Namespaces provide the isolation needed to run multiple containers on one machine while giving each what appears like it’s own environment. We have following 6 namespaces thus providing different levels and kinds of isolation.
- Unix Timesharing System
- Process IDs
- Mounts
- Networks
- User IDs
- InterProcess Communication
Enough with theory and definitions, now let's actually see how a container behaves differently from host machine.
We'll create an ubuntu docker container passing /bin/bash
as entrypoint. Use the following snippet.
docker run -it --rm ubuntu /bin/bash
We'll run a few Linux commands inside container(ubuntu 20.04) and host machine(ubuntu 20.04) and observer their behaviour inside both environments:
- hostname - return name of the host inside which bash is running.
- ps - return list of active process running inside the environment.
We can see that, when we run same commands in docker container and our host machine we get different results.
- Container is assigned a hostname from docker(container ID), while our system have a completely different hostname.
- Lots of process are running inside our host but our container is only aware of process running inside it, thus providing isolation.
We have got a taste of a how these containers function. It's time to open our editor and write some go code to achieve something similar that docker does.
Create a main.go
file with main package and start adding the following components. Do read the comments mentioned in these code snippet for a better understanding.
- command switch
func main() {
switch os.Args[1] {
case "run":
run()
case "child":
child()
default:
panic("invalid command")
}
}
The command switch picks the command-line argument passed, and runs the function mapped to that argument.
- run function
func run() {
fmt.Printf("Running %v as %d\n", os.Args[2:], os.Getpid())
// proc dir is a directory where all processes metadata is there
// our temporary binary will also be present here
// below line executes child function inside the newly created container
cmd := exec.Command("/proc/self/exe", append([]string{"child"}, os.Args[2:]...)...)
// attatching os-std process to our cmd-std process
cmd.Stdin = os.Stdin
cmd.Stdout = os.Stdout
cmd.Stderr = os.Stderr
// setting some system process attributes
// below line of code is responsible for creating a new isolated process
cmd.SysProcAttr = &syscall.SysProcAttr{
// Cloning is what creates the process(container) in which we would be running our command.

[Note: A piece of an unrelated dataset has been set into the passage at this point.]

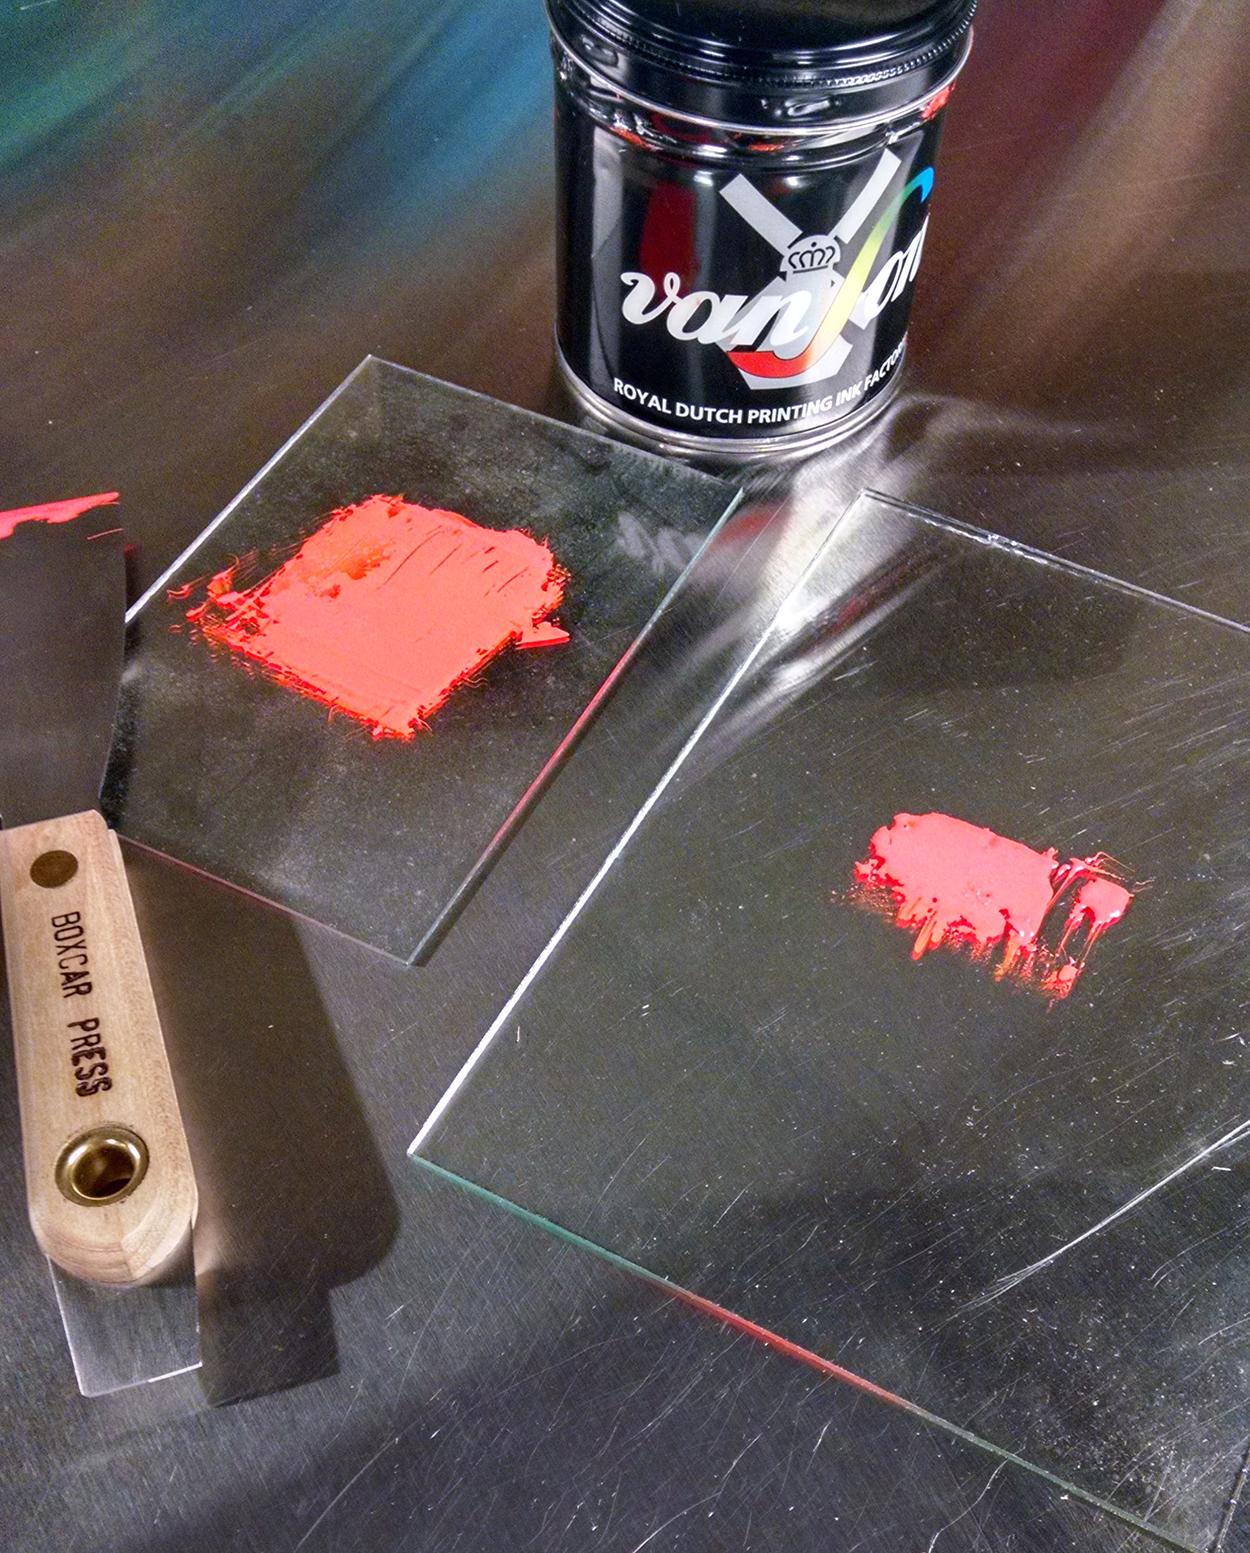 Twp ink plates for L Letterpress DIY printing.

// CLONE_NEWUTS will allow to have our own hostname inside our container by creating a new unix timesharing system.
// CLONE_NEWPID assigns pids to only process inside the new namspace.
// CLONE_NEWNS new namespace for mount.
Cloneflags: syscall.CLONE_NEWUTS | syscall.CLONE_NEWPID | syscall.CLONE_NEWNS,
// Mounts in systemd gets recursively shared property.
// Unshare the recursively shared property for new mount namespace.
// It prevents sharing of new namespace with the host.
Unshareflags: syscall.CLONE_NEWNS,
}
// running the command and catching error
if err := cmd.Run(); err != nil {
log.Fatal("Error: ", err)
}
}
The run()
function is responsible for creating an isolated process(container) and then execute itself inside this isolated process, this time invoking child()
function
- child function
func child() {
fmt.Printf("Running %v as %d\n", os.Args[2:], os.Getpid())
// below are some system calls that set some container properties
// sets hostname for newly created namespace
must(syscall.Sethostname([]byte("maverick")))
// setting root director for the container
must(syscall.Chroot("/"))
// making "/" as default dir
must(syscall.Chdir("/"))
// mounting proc dir to see the process running inside container
must(syscall.Mount("proc", "proc", "proc", 0, ""))
// below line finally executes the user-command inside our own created container!
cmd := exec.Command(os.Args[2], os.Args[3:]...)
// attatching os-std process to our cmd-std process
cmd.Stdin = os.Stdin
cmd.Stdout = os.Stdout
cmd.Stderr = os.Stderr
// running the command and catching error
if err := cmd.Run(); err != nil {
log.Fatal("Error: ", err)
}
// unmount the proc after command is finished
syscall.Unmount("/proc", 0)
}
The child()
function is invoked by run()
as a child process inside container created by run()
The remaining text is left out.